* Directions for this task
Return the listing below verbatim. Pictures do not belong in the copy.

* Dataset excerpt
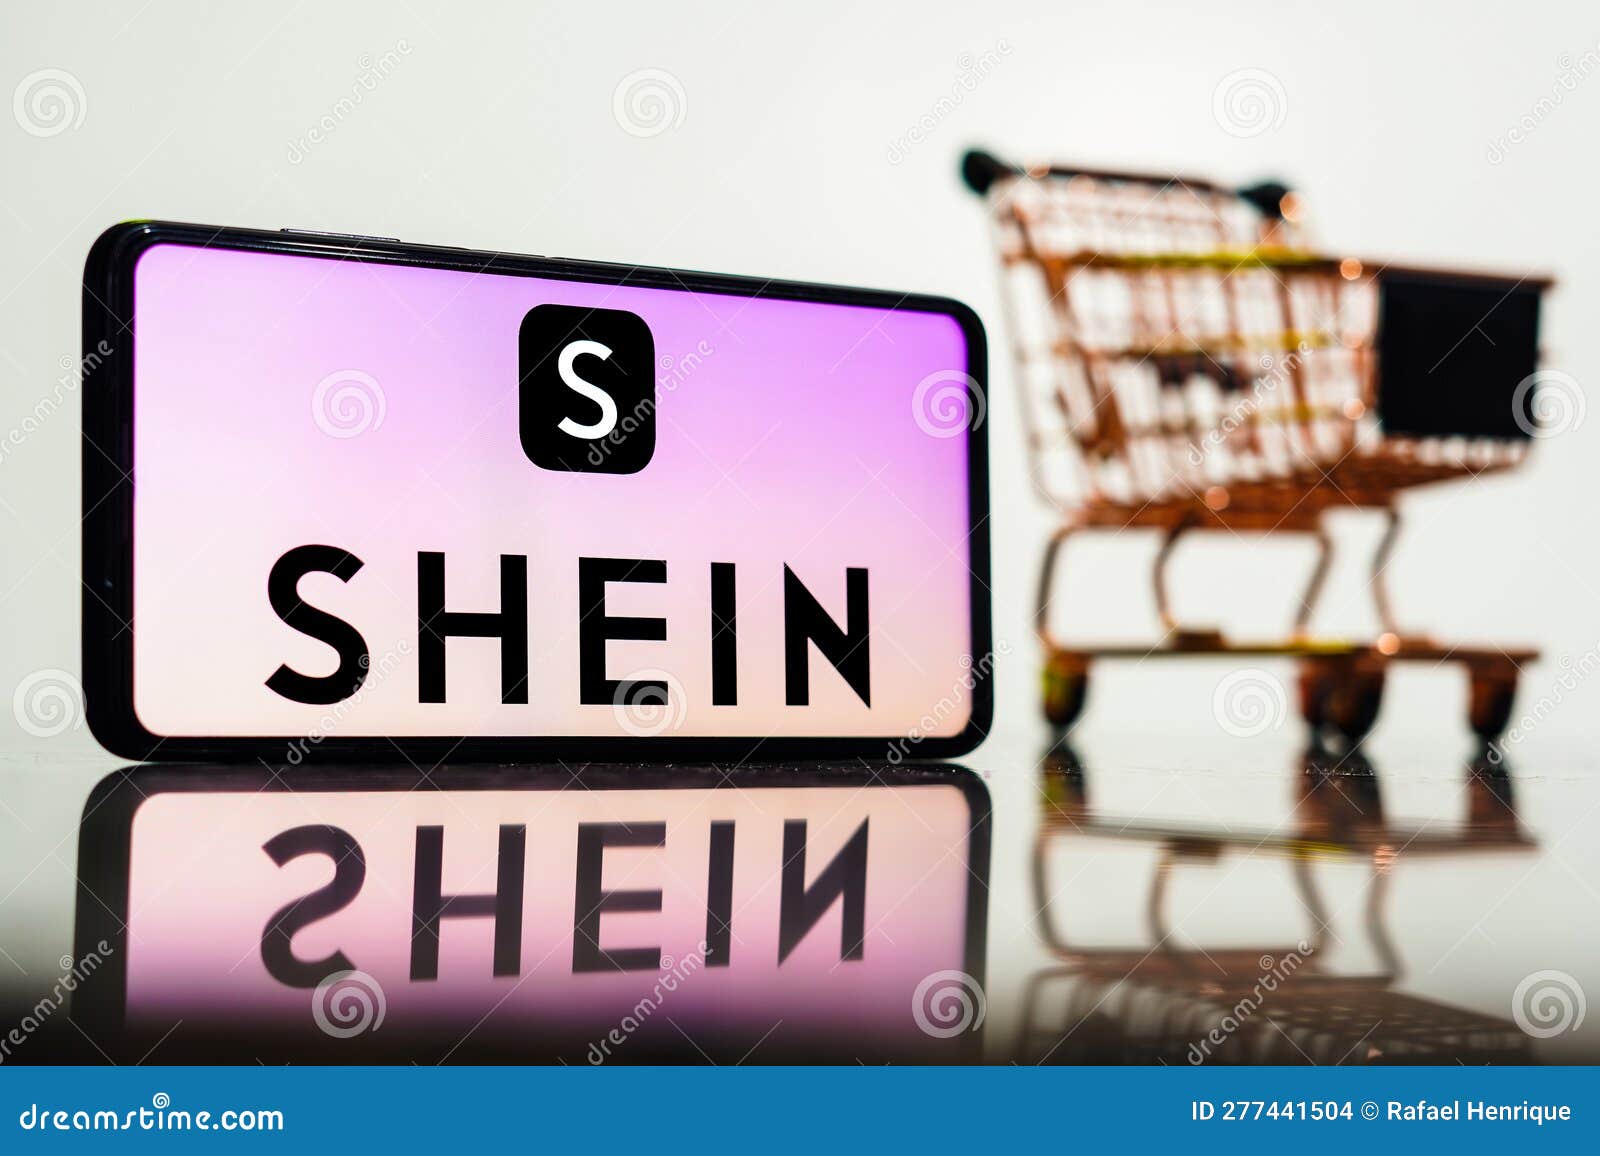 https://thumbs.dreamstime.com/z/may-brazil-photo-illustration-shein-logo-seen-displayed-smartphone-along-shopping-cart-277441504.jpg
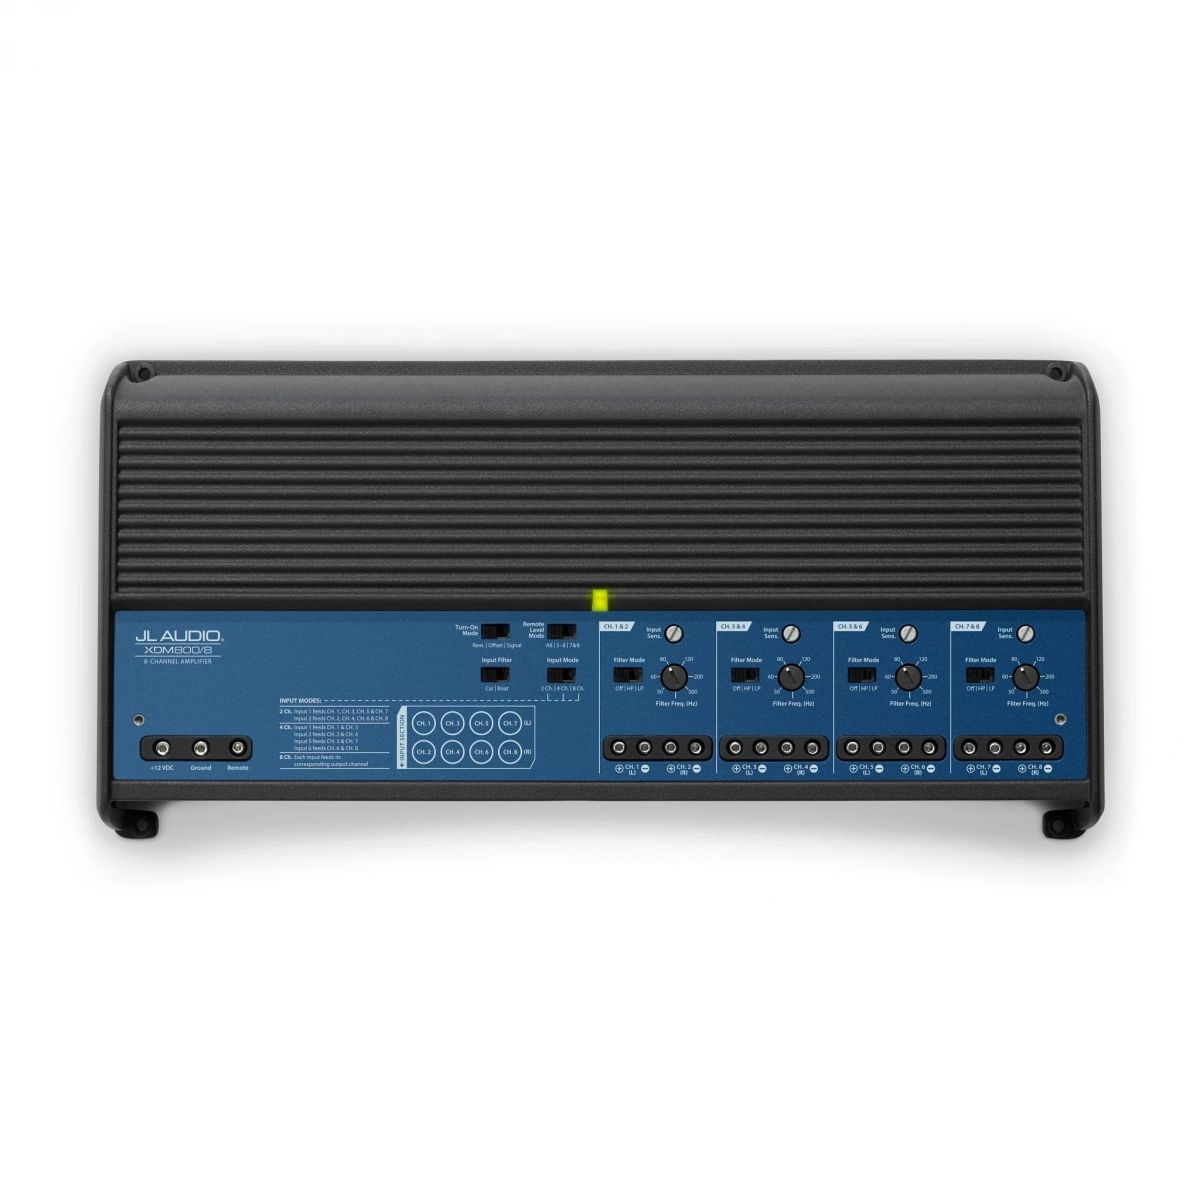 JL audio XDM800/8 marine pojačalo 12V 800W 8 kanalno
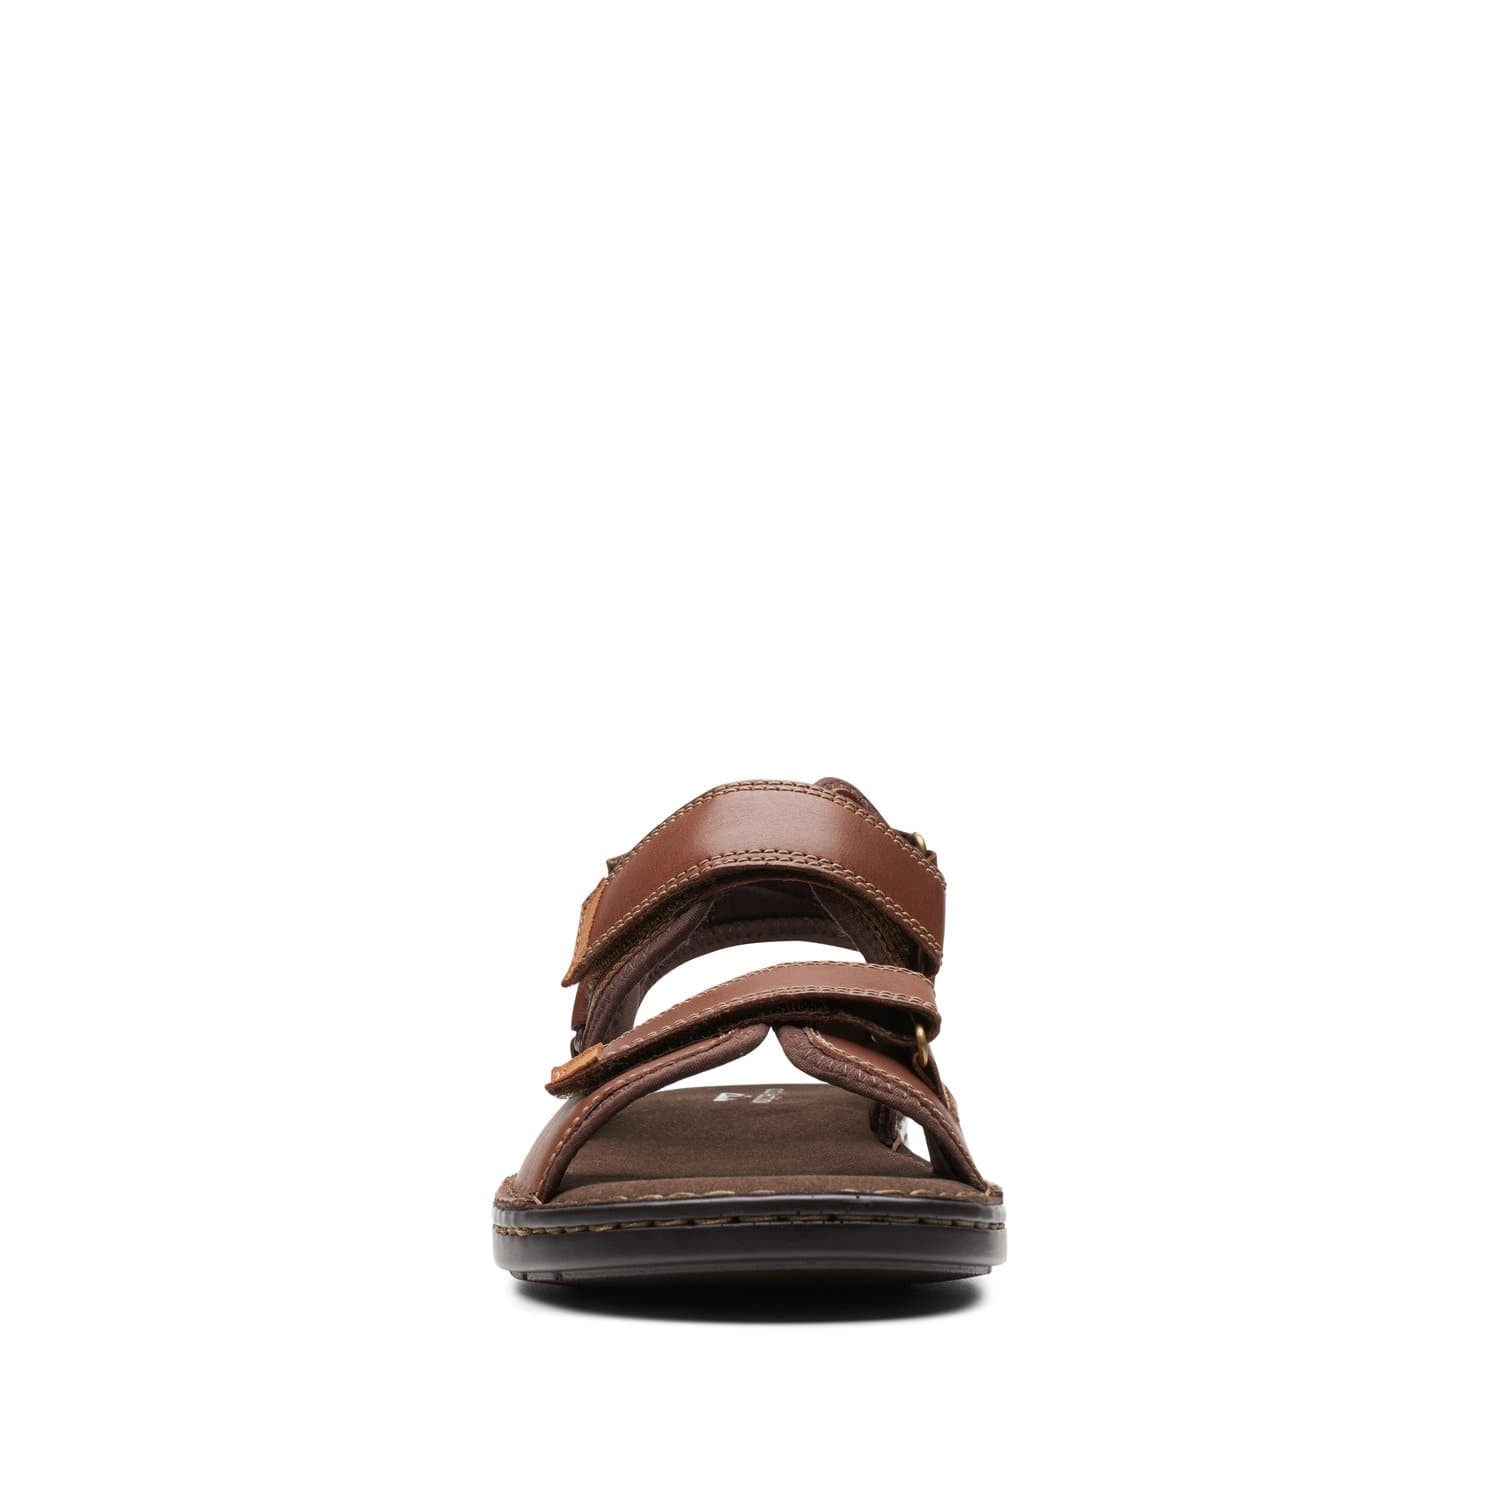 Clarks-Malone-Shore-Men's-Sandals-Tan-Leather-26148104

* Solution for this task
 https://thumbs.dreamstime.com/z/may-brazil-photo-illustration-shein-logo-seen-displayed-smartphone-along-shopping-cart-277441504.jpg
 JL audio XDM800/8 marine pojačalo 12V 800W 8 kanalno
 Clarks-Malone-Shore-Men's-Sandals-Tan-Leather-26148104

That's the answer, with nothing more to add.